Tuning molecular thermal conductance through endgroup modification and halogen substitution

TL;DR

This study demonstrates how chemical modifications, such as endgroup changes and halogen substitutions, can effectively tune the phononic thermal conductance of single molecules, providing a pathway for controlling heat flow at the molecular level.

Contribution

The paper introduces a workflow combining ab initio molecular dynamics and machine learning to predict and analyze how specific chemical modifications influence molecular thermal conductance.

Findings

Bromine-terminated chains have the lowest thermal conductance.

Amine and methyl groups result in higher conductance.

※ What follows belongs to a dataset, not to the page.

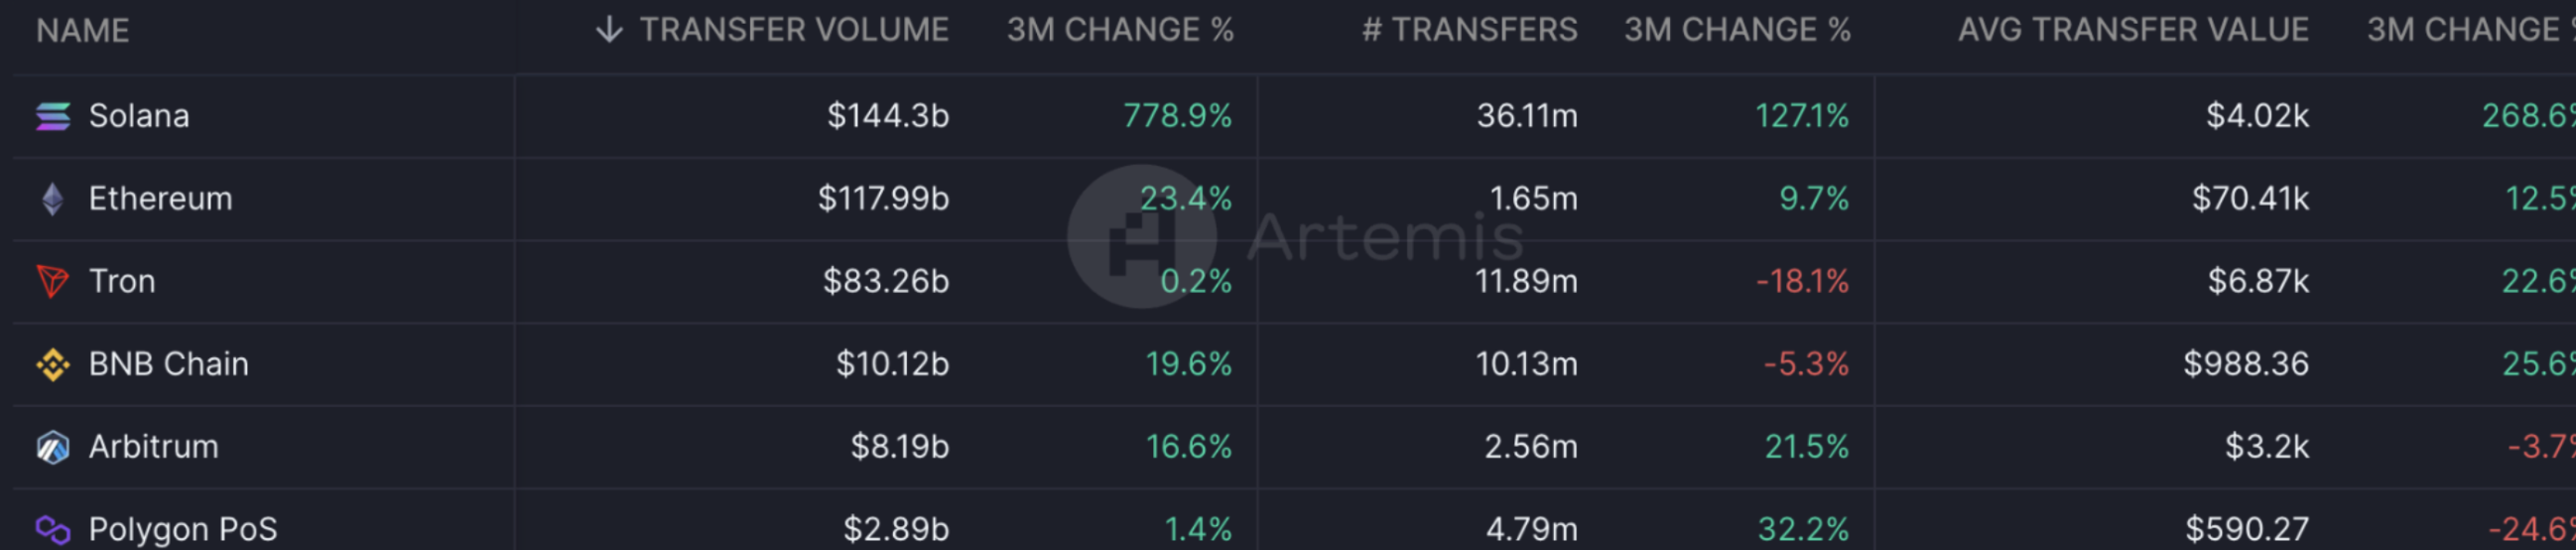 Data Source: Artemis (Do not mind Solana as their volume is coming from only 9 wallets - market makers)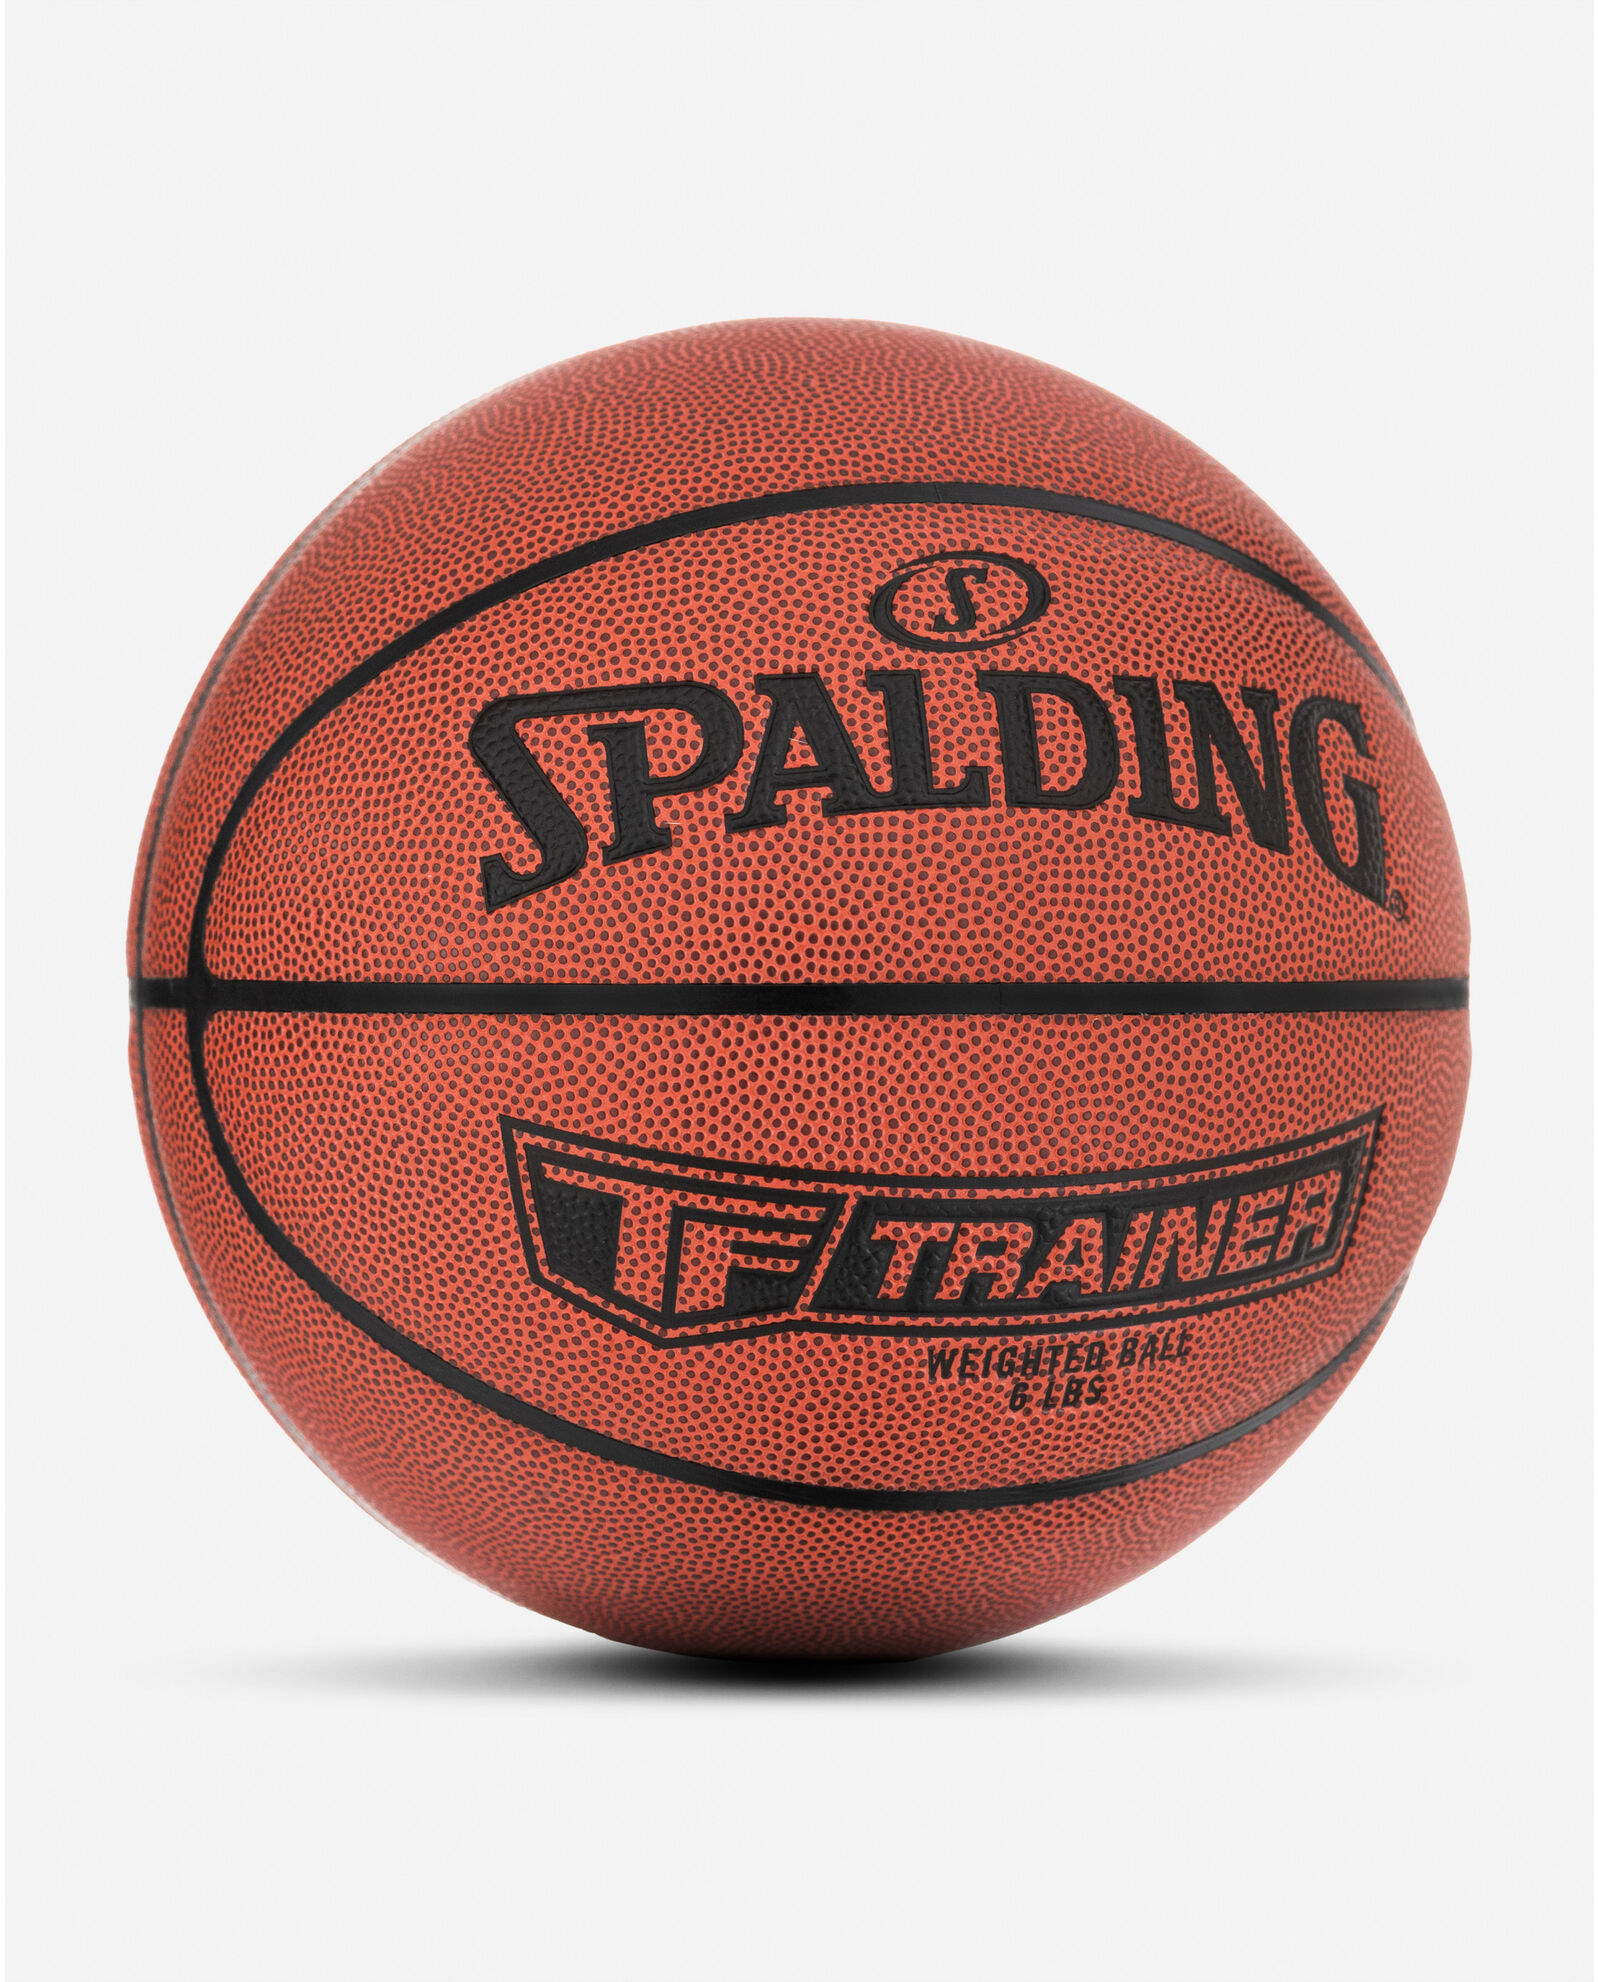 Spalding TF Trainer Weighted Indoor Basketball l Spalding.com

Thermal conductance saturates beyond eight carbon atoms.

Abstract

We demonstrate tuning of the phononic thermal conductance in single molecules with carbon-chain backbones through modifications of terminal groups and halogen substitution of hydrogen atoms. Our simulations focus on intrinsic molecular properties, and we employ a workflow based on {\it ab initio} molecular dynamics, enabling the training and development of machine-learned interatomic potentials. These potentials are subsequently used in classical nonequilibrium molecular dynamics simulations to extract thermal conductance coefficients. Replacing terminal methyl groups with amine, sulfur, or halogen substituents leads to pronounced changes in thermal conductance: bromine-terminated chains exhibit the lowest conductance, whereas amine and methyl-terminated chains show the highest. Additionally, single-atom substitution of hydrogen by fluorine or other halogens along the alkane backbone significantly reduces thermal transport. Finally, our simulations of the length dependence of thermal conductance in alkane chains containing 3-12 carbon atoms reveal its saturation beyond eight carbon atoms. Together, our findings show that simple chemical modifications offer a versatile route to controlling phononic heat flow in single molecules.